Para ser sinceros, me extrañó un poco aquella obsequiosa cortesía. Y no porque Guzmán fuera oficial y nosotros dos pringados (en seguida supe que Guzmán había empezado de guardia y había subido peldaño a peldaño por el escalafón), sino porque, a fin de cuentas, Chamorro y yo éramos los dos enterados de Madrid que veníamos a tratar de rehacer en condiciones lo que se suponía que su gente no había hecho como debía. Pero, como pronto nos demostraría, Guzmán era un tipo deportivo, tenía amplia experiencia en la empresa y en tareas de investigación y había llegado a desarrollar el criterio suficiente como para no tomarse nada de aquello a título personal.
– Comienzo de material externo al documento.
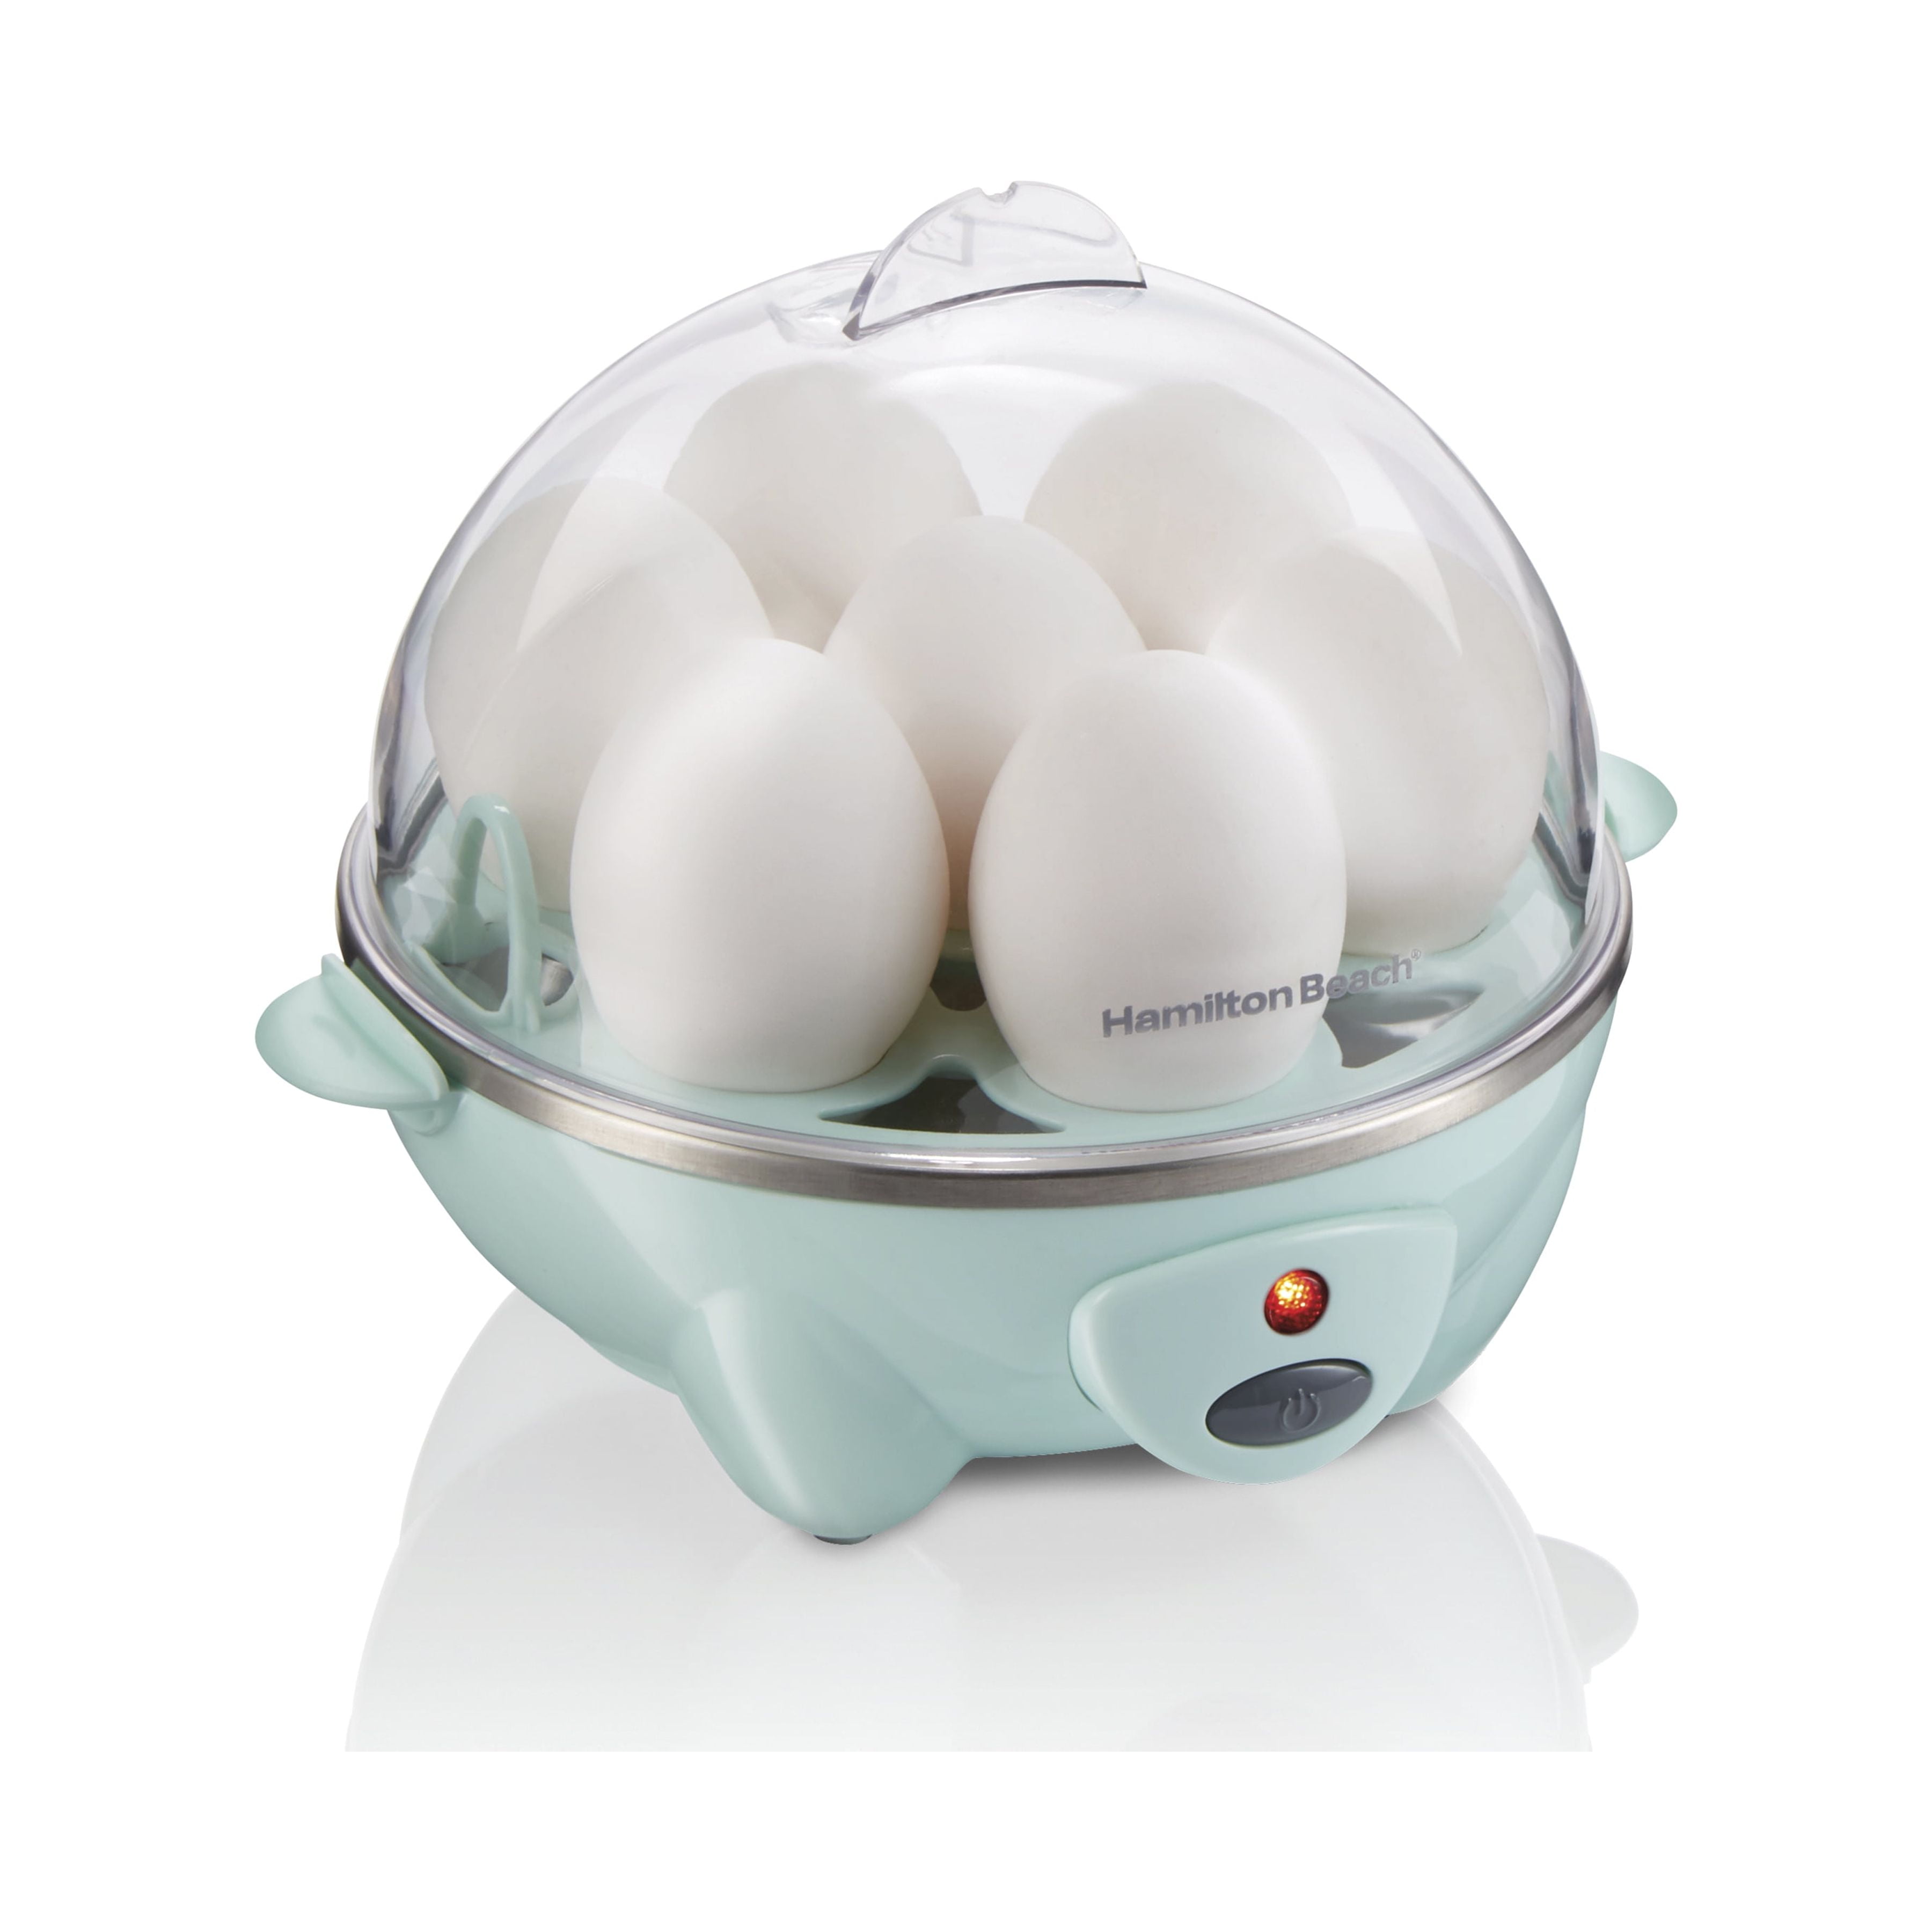 Eggpod by Emson Egg Cooker Wireless Microwave Hardboiled Egg Maker, Cooker,  Egg Boiler & Steamer, 4 Perfectly-Cooked Hard boiled Eggs in Under 9

– Vamos fuera. Tengo a la chica esperando con el coche.
No pude dejar de espiar el gesto de Chamorro ante las palabras la chica. Sabía lo que pasaba por su cabeza, así que aprecié su impasibilidad.
La mujer que aguardaba frente a la terminal, junto al coche, y que al vernos venir despegó el trasero de donde lo tenía apoyado y se estiró tranquilamente la ropa, podría describirla de modo convencional. Era de tez morena, pelo casi negro, largo y suelto, ojos oscuros, un poco menos de metro setenta, de complexión atlética pero marcadamente femenina. Podría decir también que iba bien vestida, prendas informales pero no seleccionadas ni combinadas al tuntún. Y podría añadir que su maquillaje era discreto pero perceptible y que olía a un perfume de los que no compras con un billete de 20 euros. Pero lo que debo decir, sobre todo, es que apenas la vi, y aun antes de que abriera la boca, mi olfato para el desastre intuyó en la cabo Ruth Anglada a una de esas mujeres que infaliblemente me crean problemas. Con el tiempo, uno aprende a conocerse, y aprende, sobre todo, a conocer sus debilidades. Y los recursos de aquella chica, lo gritaban en la distancia, eran de los que podían llegar a hacerme sentir muy, muy débil.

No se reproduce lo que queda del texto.